→ SOURCE MATERIAL:
○ ○ ○ ○

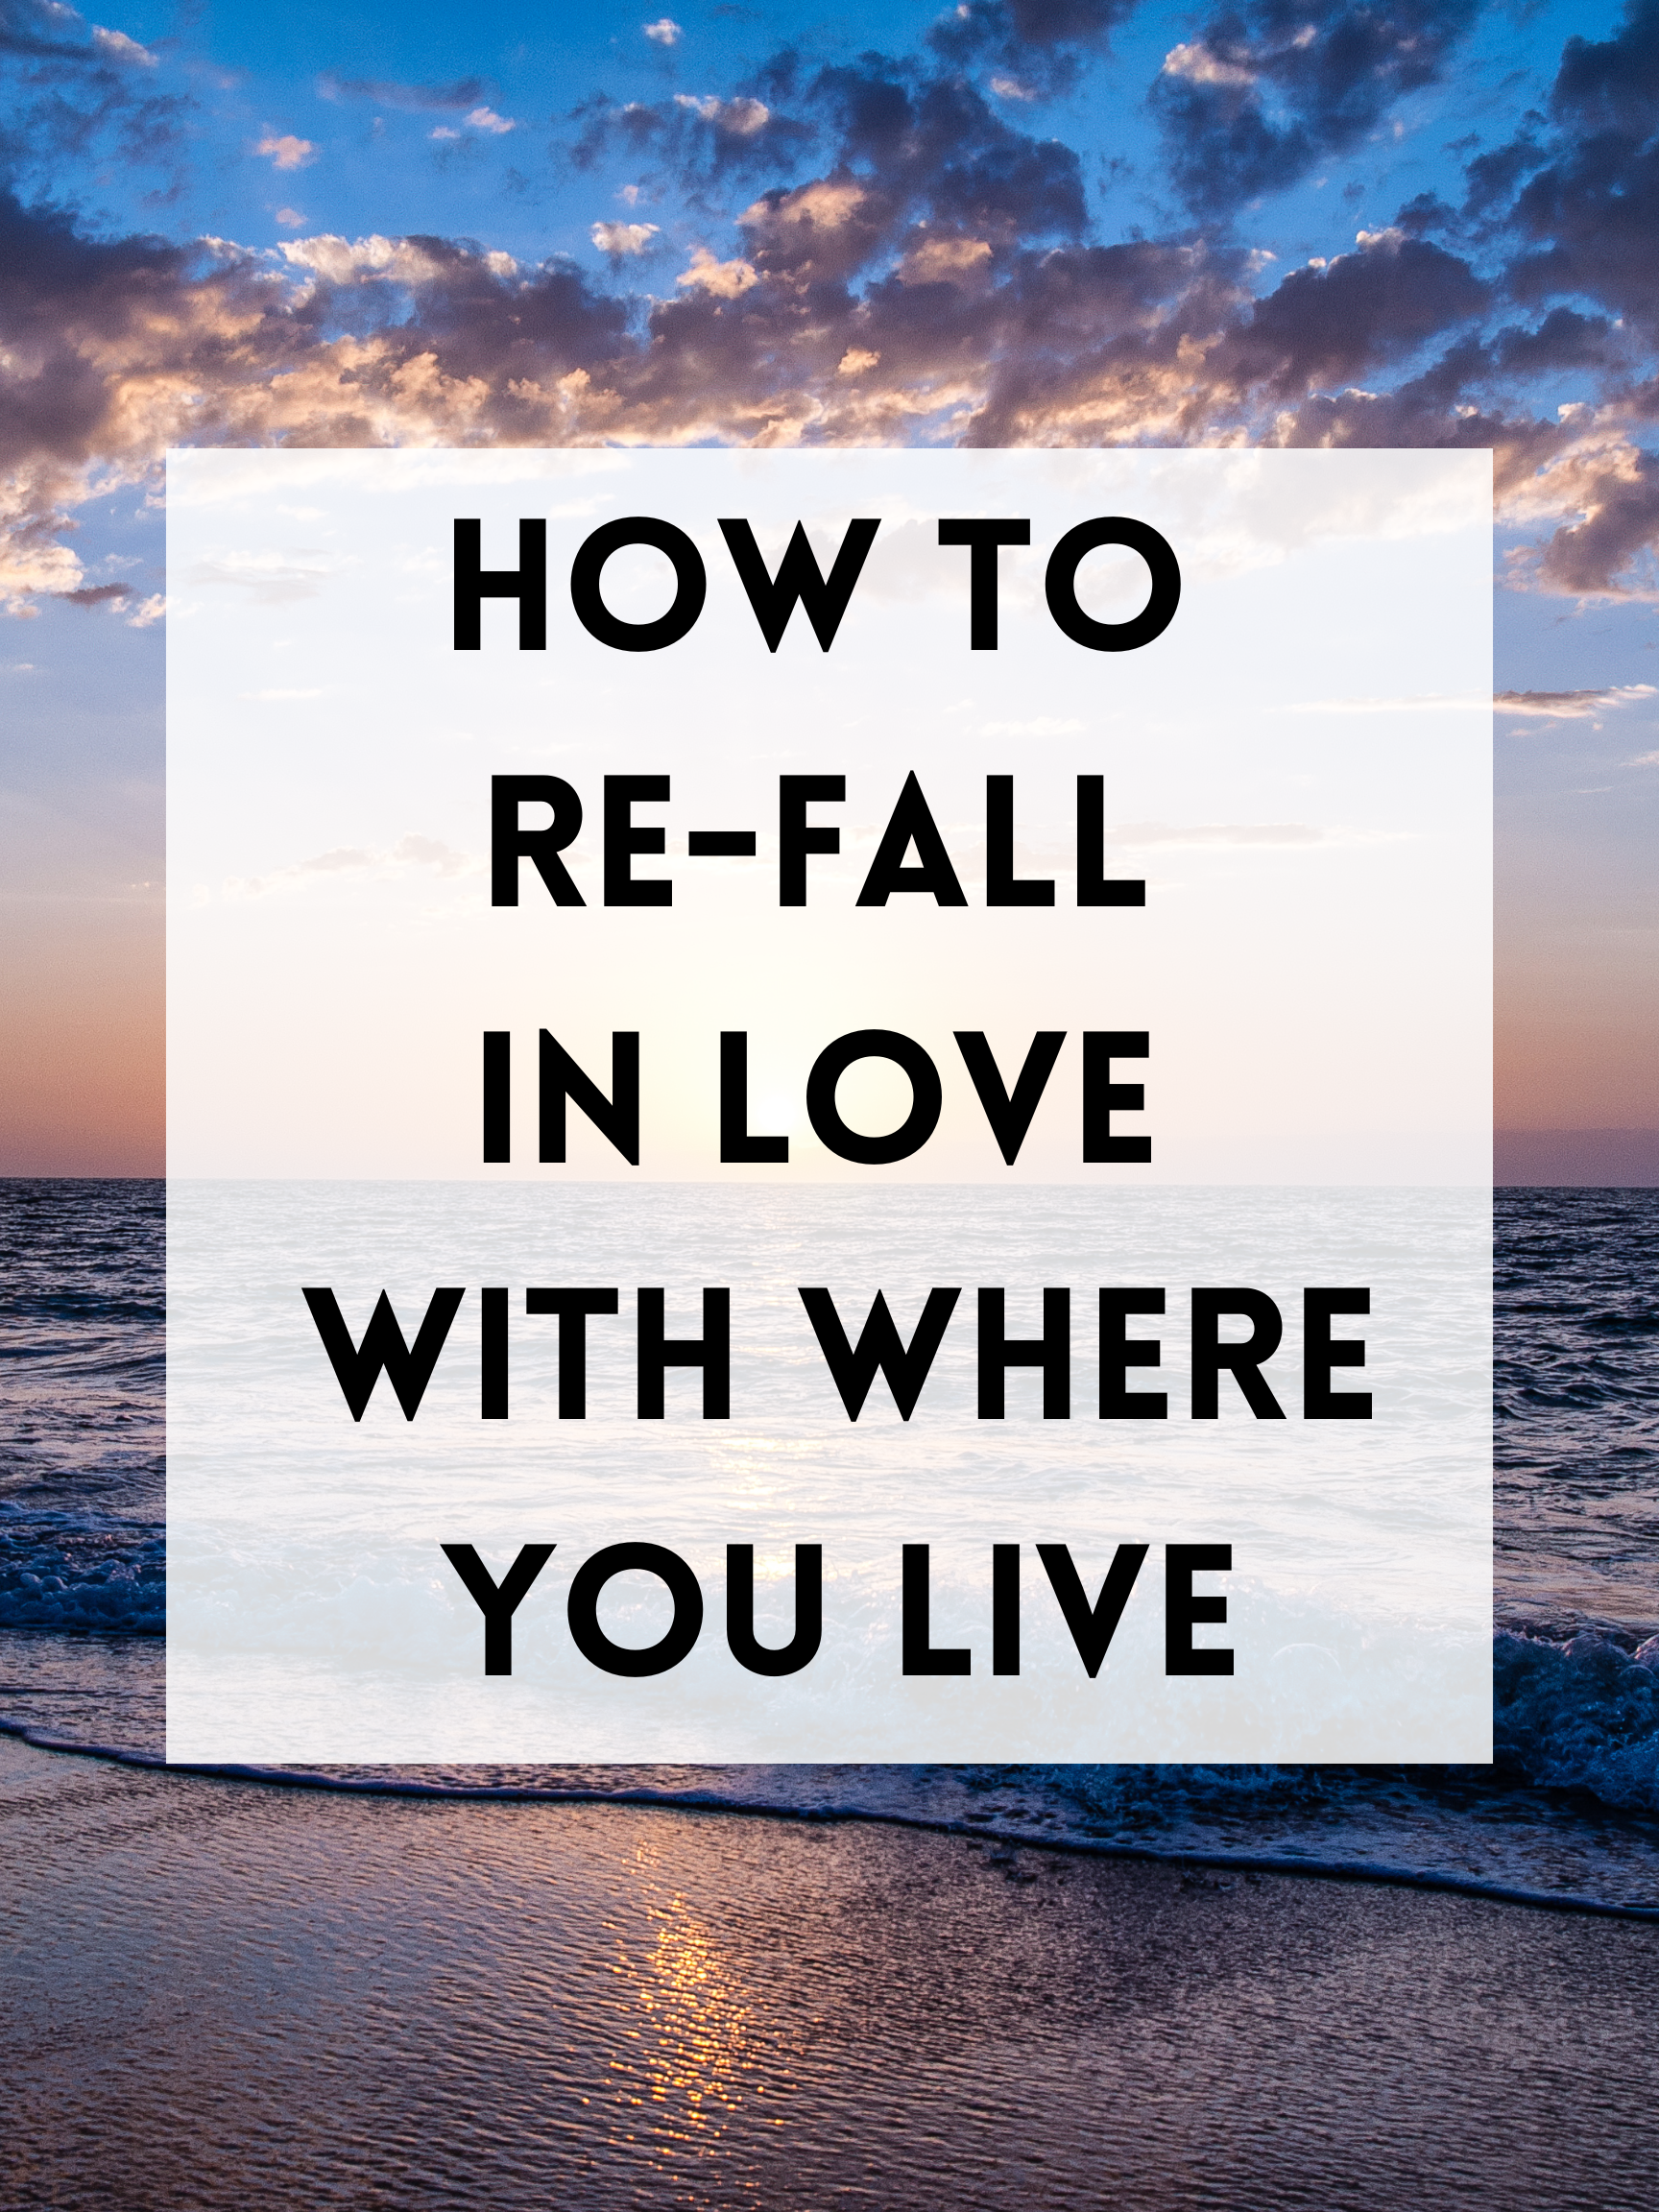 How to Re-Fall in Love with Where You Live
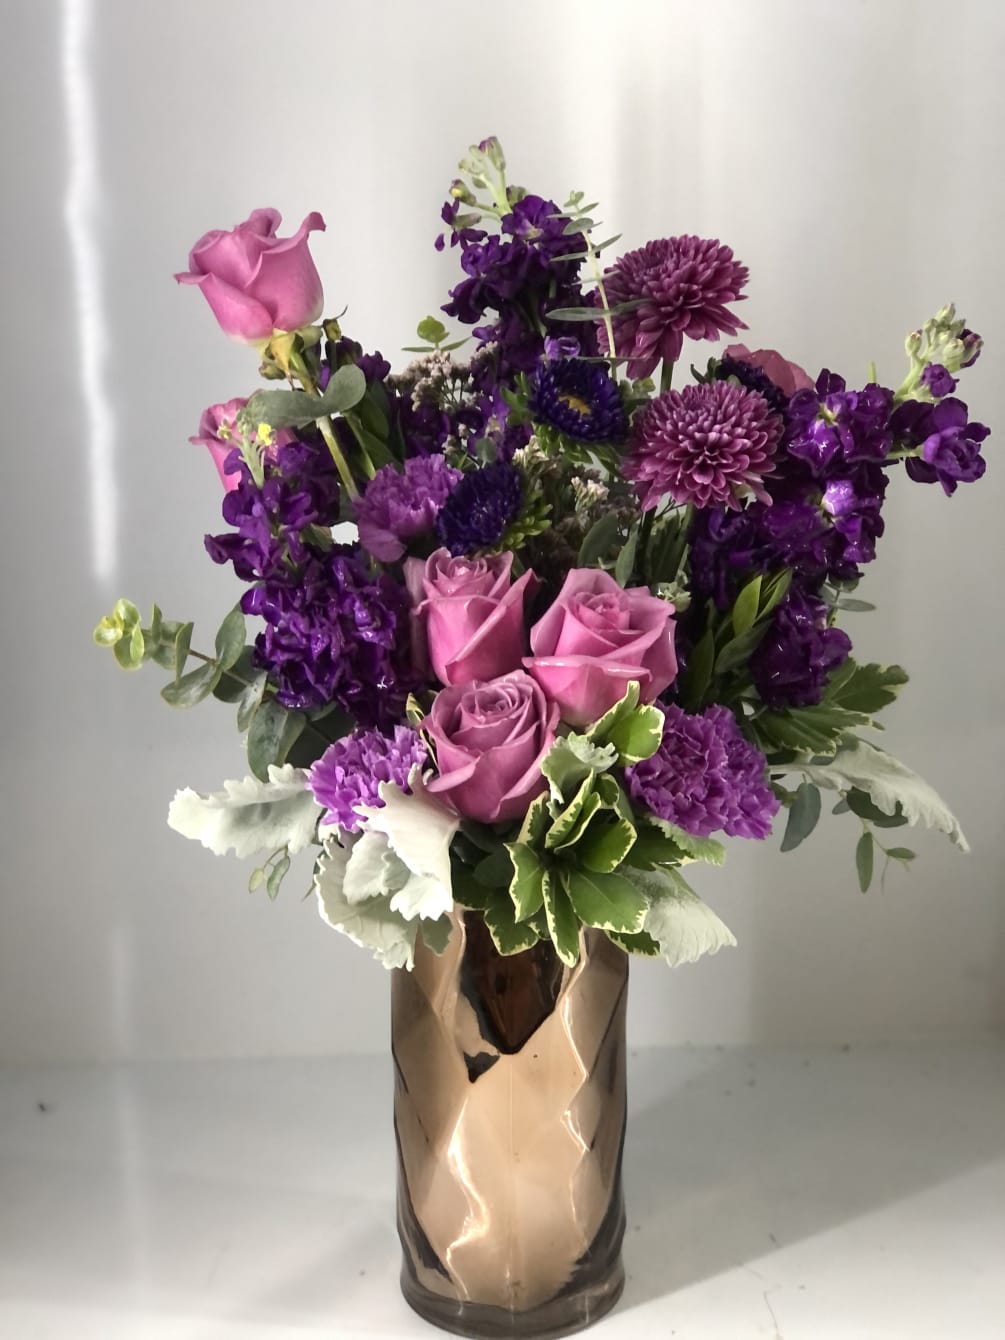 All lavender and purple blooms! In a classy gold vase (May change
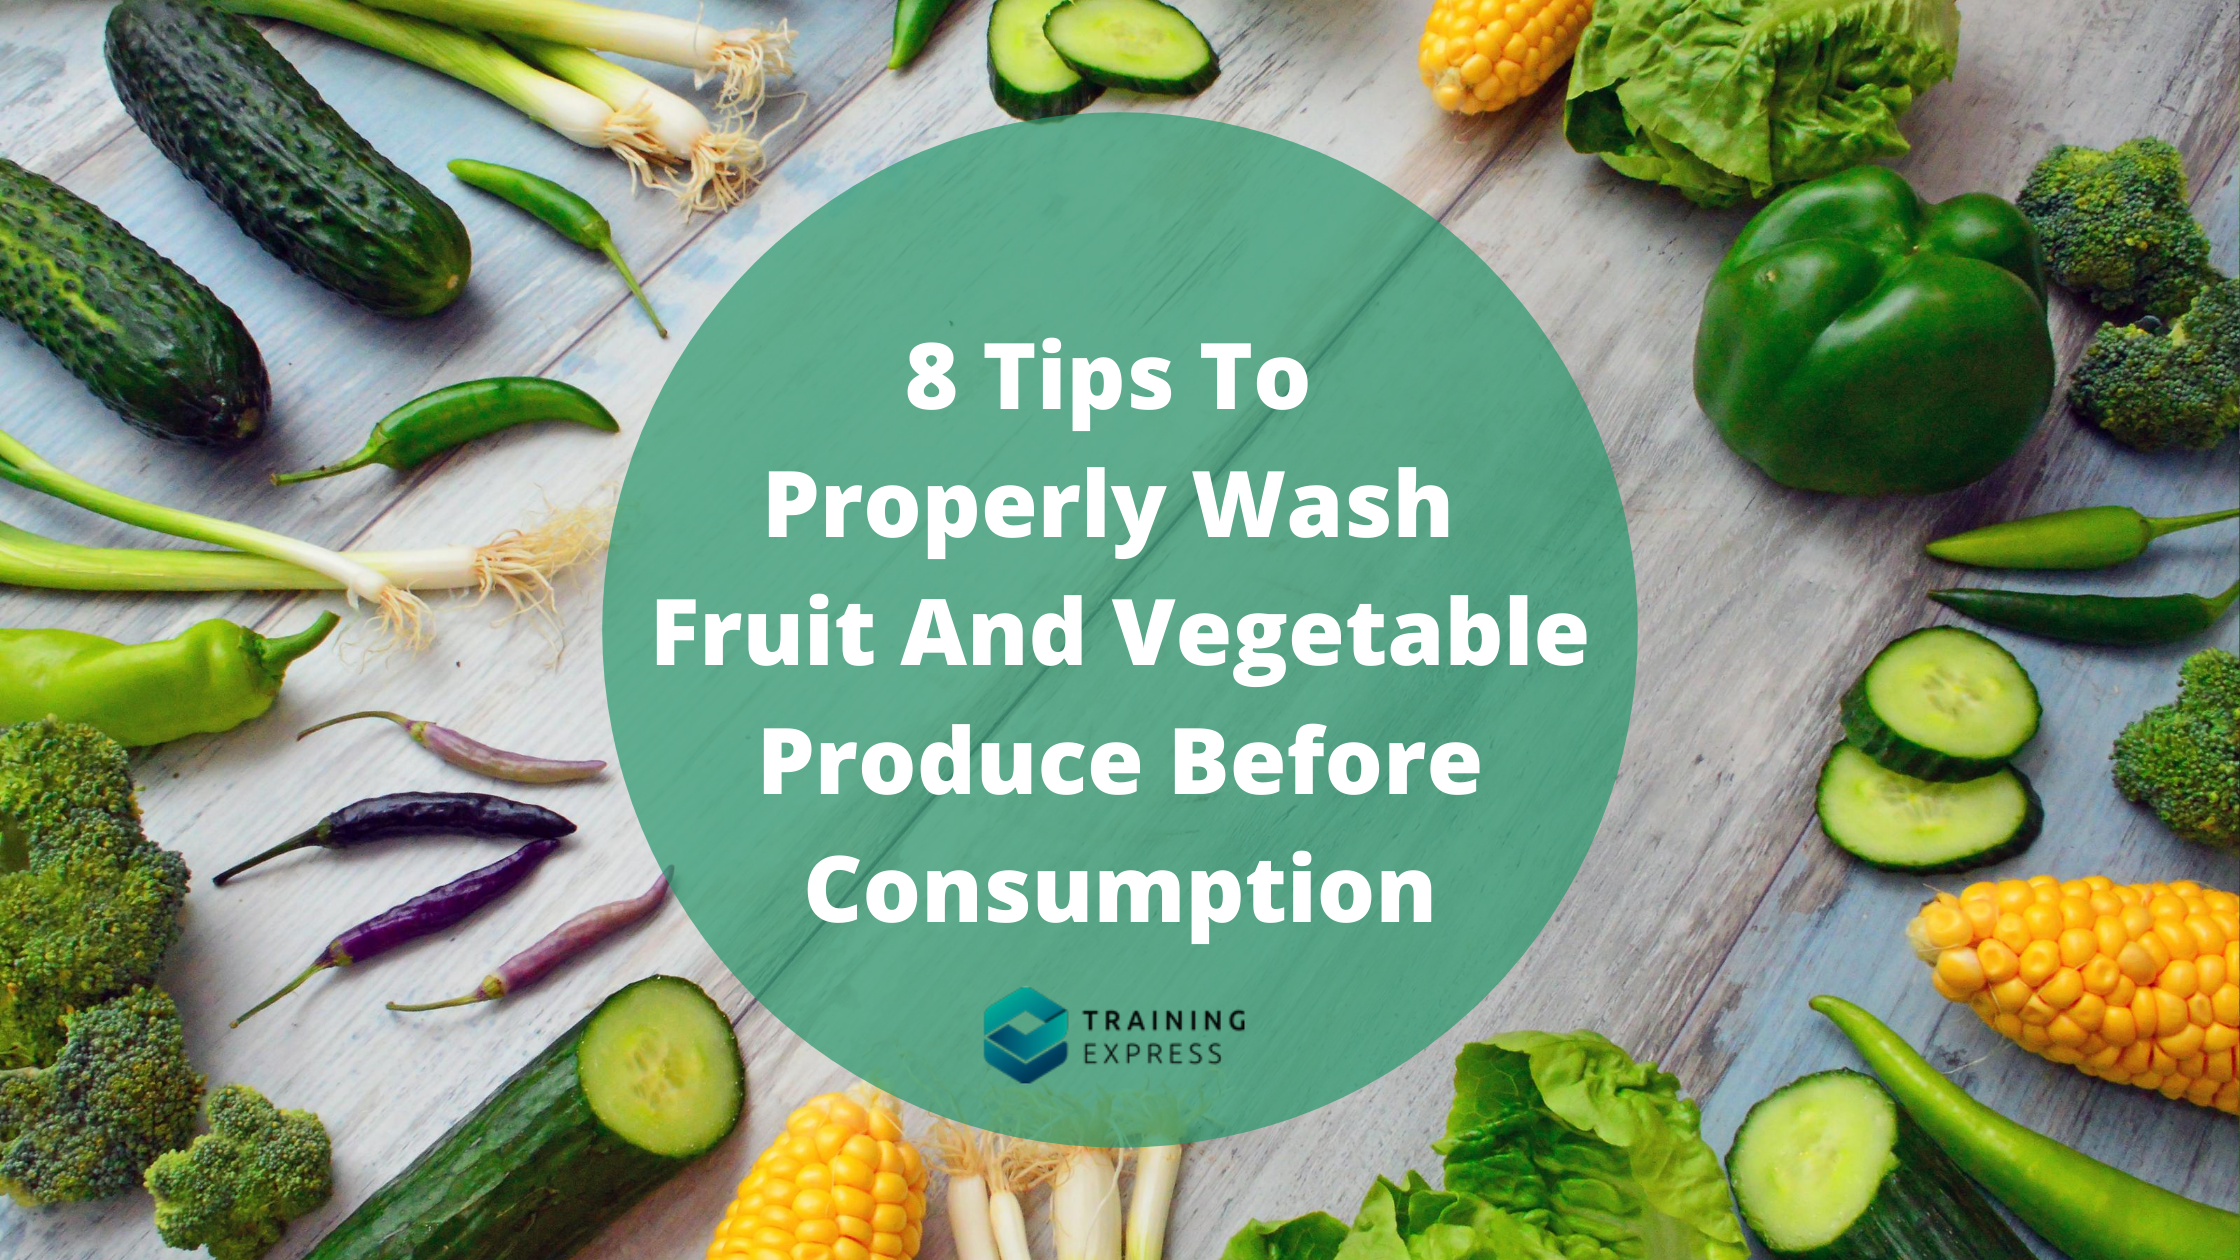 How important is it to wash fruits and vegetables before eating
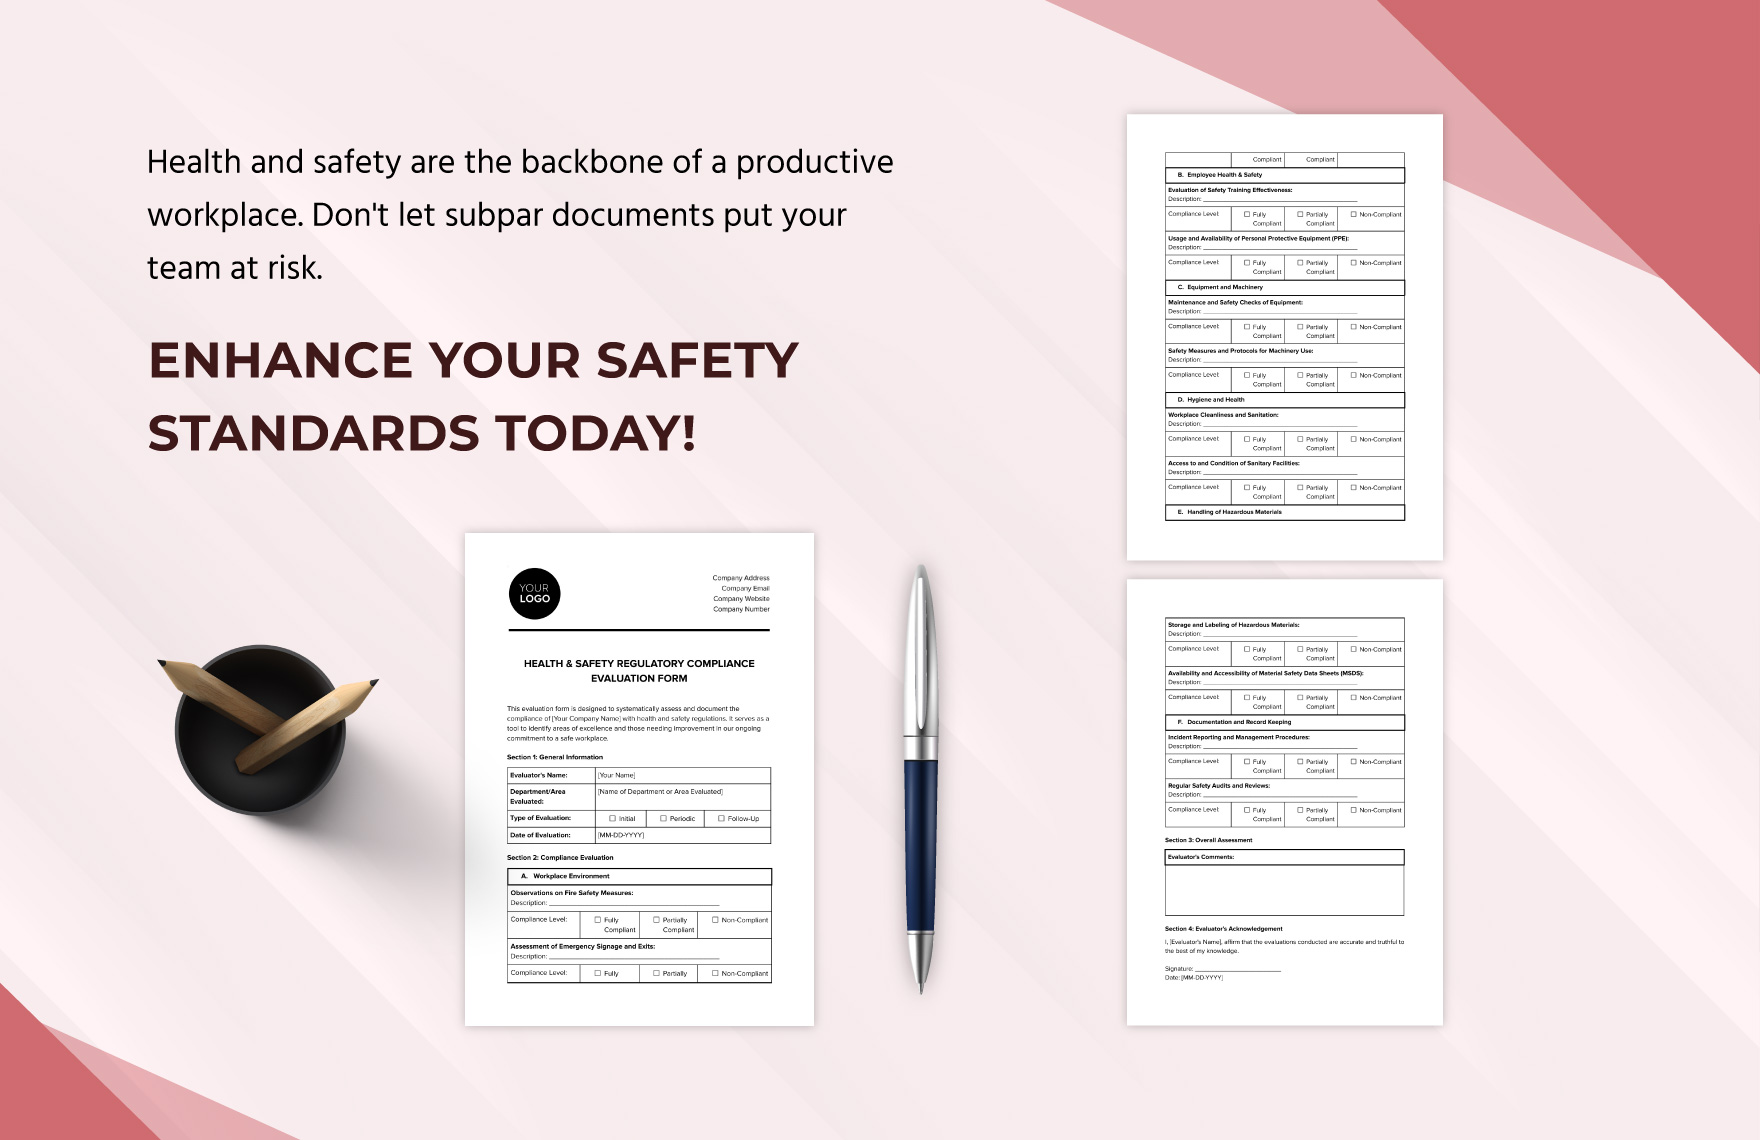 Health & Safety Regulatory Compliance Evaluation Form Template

○ ○ ○ ○

→ ACTIVITY: Write out the material above once more, exactly as it reads, with no pictures.

→ RESPONSE TO THIS TASK:
 How to Re-Fall in Love with Where You Live
 All lavender and purple blooms! In a classy gold vase (May change
 How important is it to wash fruits and vegetables before eating
 Health & Safety Regulatory Compliance Evaluation Form Template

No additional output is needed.